The sugar residues decorating the spike (S) protein of SARS-CoV-2 are essential to the viral-receptor binding. A new study explores the glycosylation of the S protein and its functional implications, especially concerning the rapidity of viral transmission. The study was published in the preprint server bioRxiv* in December 2020.
Image Credit: Kateryna Kon/Shutterstock.com
The S protein exists as a homotrimer, with S1 and S2 subunits that mediate viral attachment to the host receptor and viral-cell membrane fusion, respectively. Earlier research has found 22 potential N-glycosylation sites in the spike protein of the SARS-CoV and 23 N-glycosylation sites with MERS-CoV. The current study sought to establish similar sites on SARS-CoV-2.
The researchers obtained 1,169 representative sequences from the NCBI database on April 15, 2020. They used the NetNGlyc 1.0 Server to predict N-glycosylation sites. Subsequently, they conducted a more detailed analysis of 49 representative sequences from seasonal as well as highly pathogenic coronaviruses, to explore the phylogeny.
While there are several complete genomic sequences available, the peripheral elements of these genomes are less clear. The investigators thus attempted to carry out homologous modeling on one selected spike sequence. They created a 3D structure of the protein with 99.9% similarity to a reported S protein and carried out molecular dynamics (MD) simulations to optimize the structure.
They also tested glycan ligand candidates for the spike protein using docking analysis.
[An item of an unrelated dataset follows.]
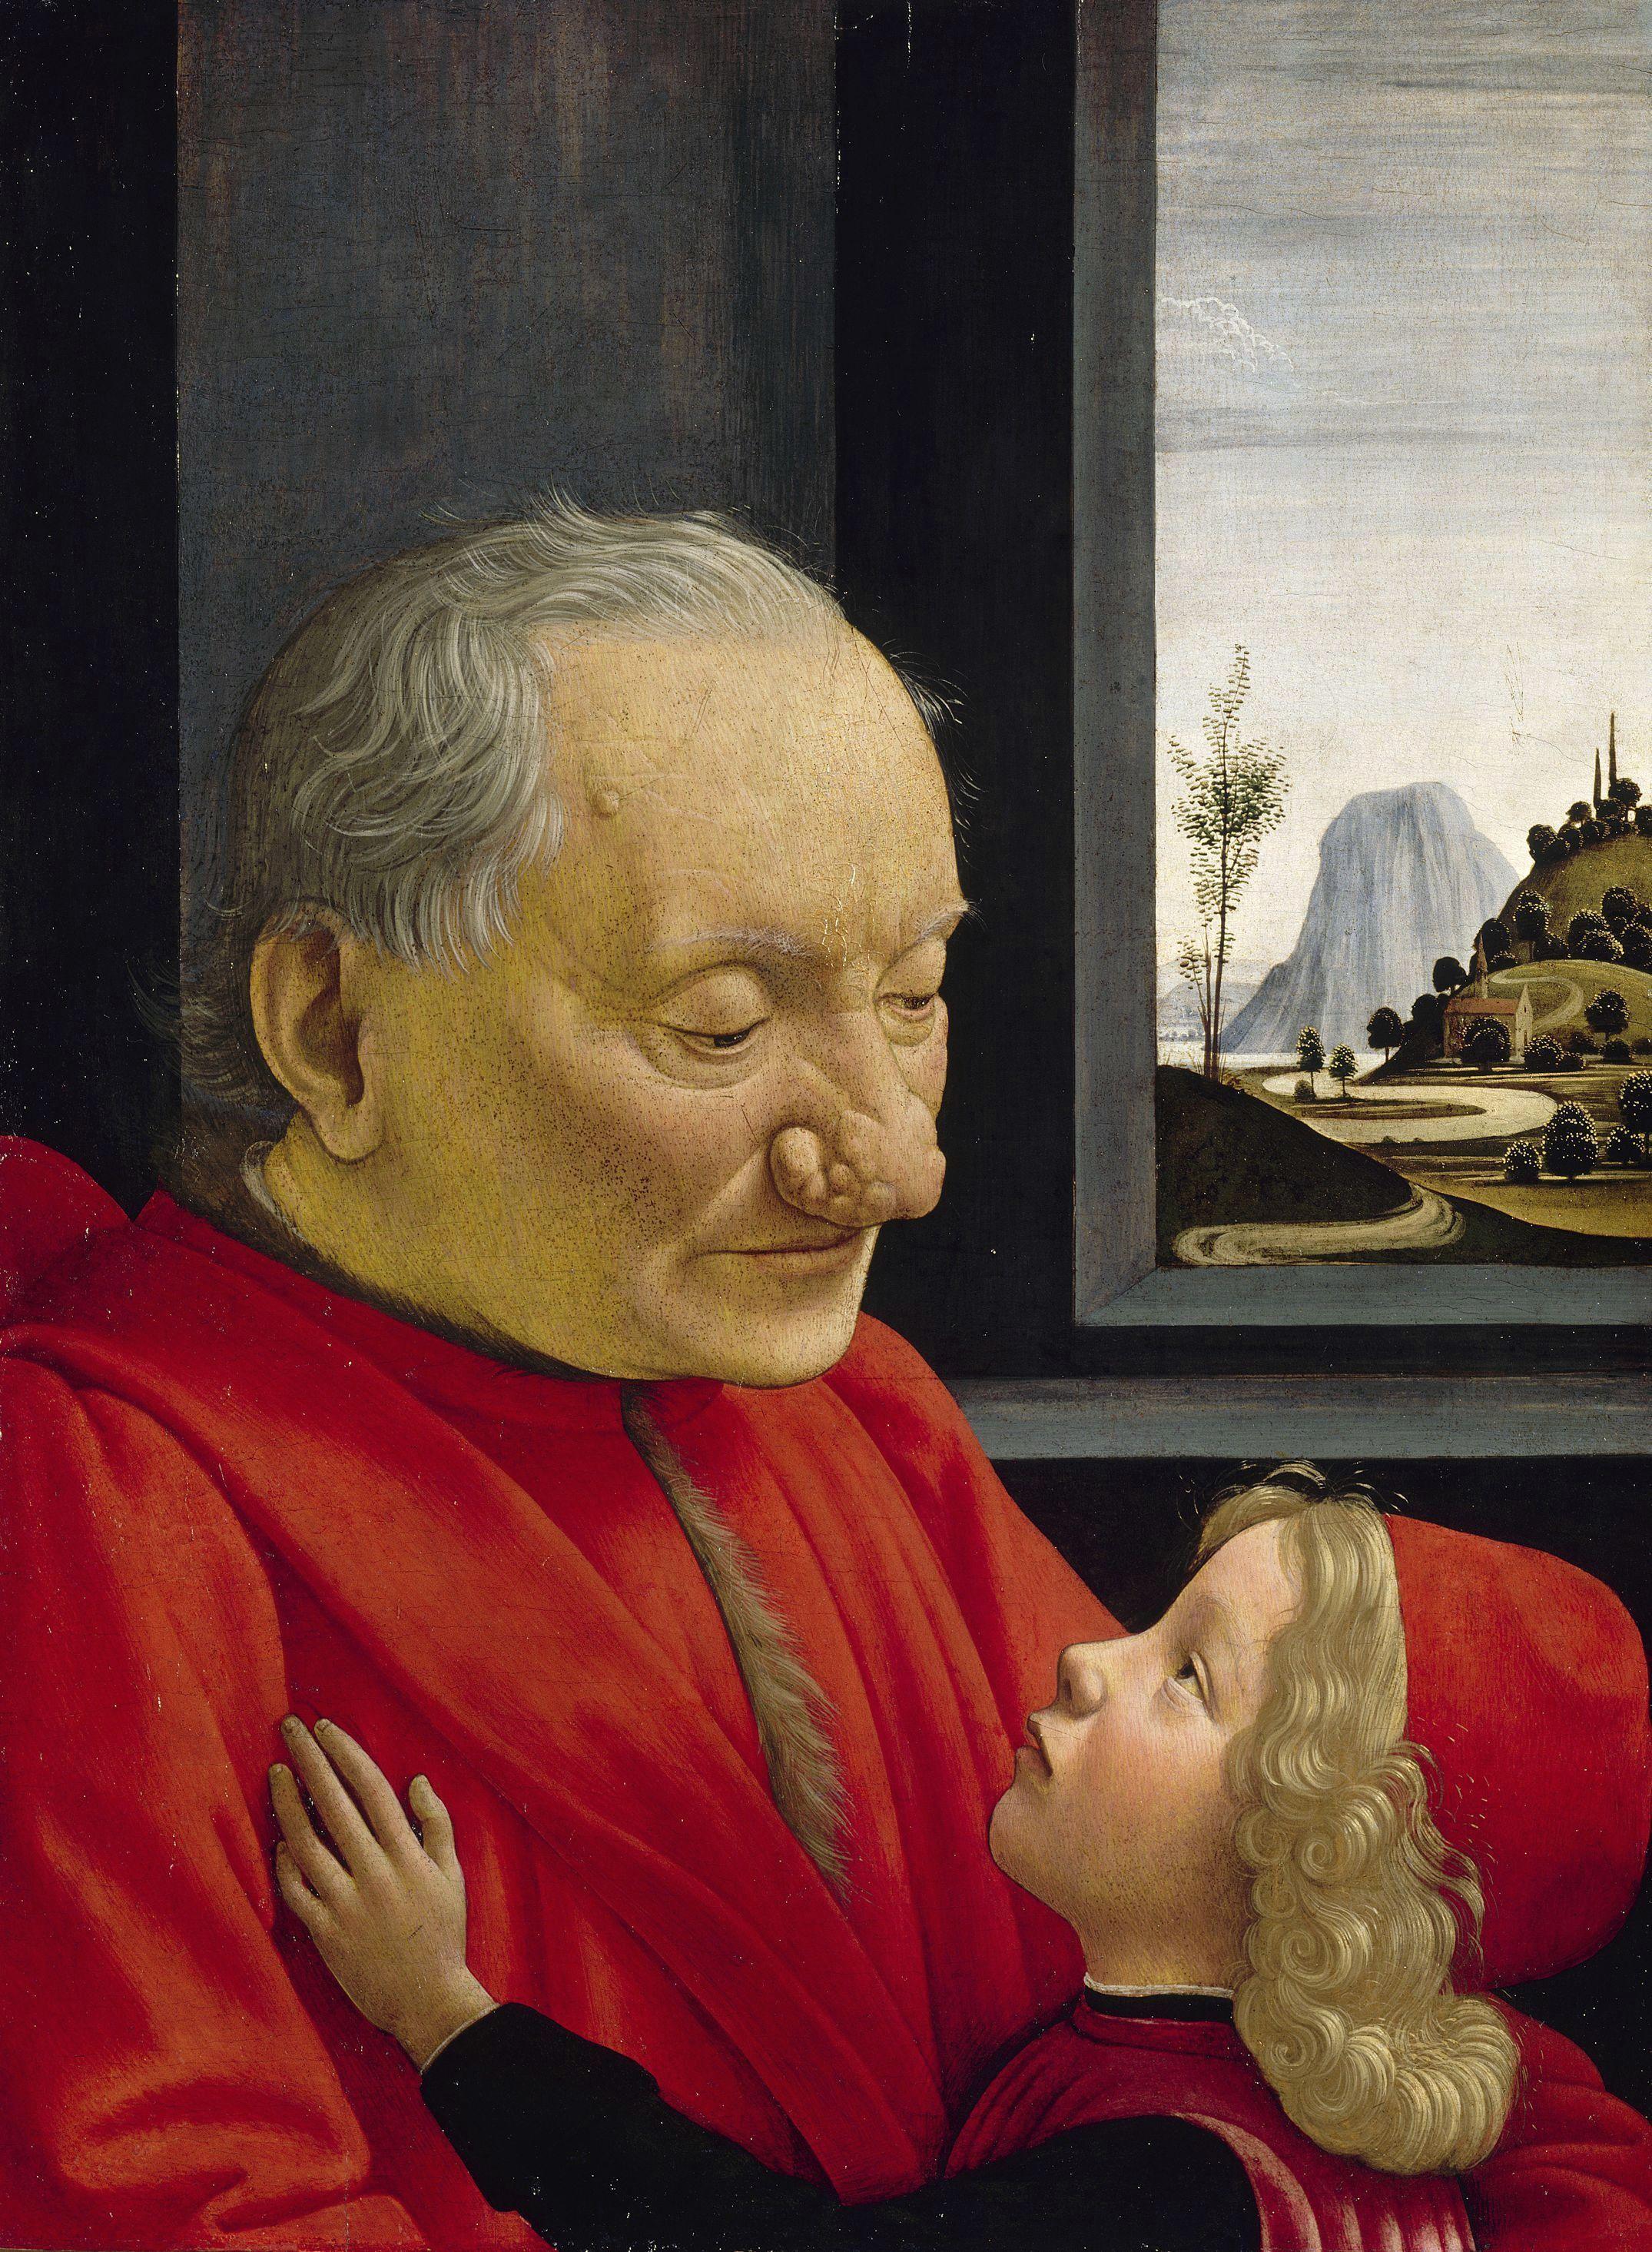 Domenico_ghirlandaio,_ritratto_di_nonno_con_nipote

The ligands included sugars such as mannose, glucose, galactose, N--acetyl-β-D-galactosamine, and sialic acid, with terminal structures at the N-glycan sites, as well as disaccharides, blood group B antigens, and others. The glycosylated ACE2-Spike complex was again passed through MD simulations.
SARS-CoV-2 is genomically very similar to the bat coronavirus (CoV), with more than 99% similarity, and more than 90 viral genomes were uploaded to the NCBI database. The S protein of SARS-CoV-2 is 99.9% similar to that of the latter virus. This protein is about 1,273 residues in length, being encoded in a genome of about 30 k base pairs.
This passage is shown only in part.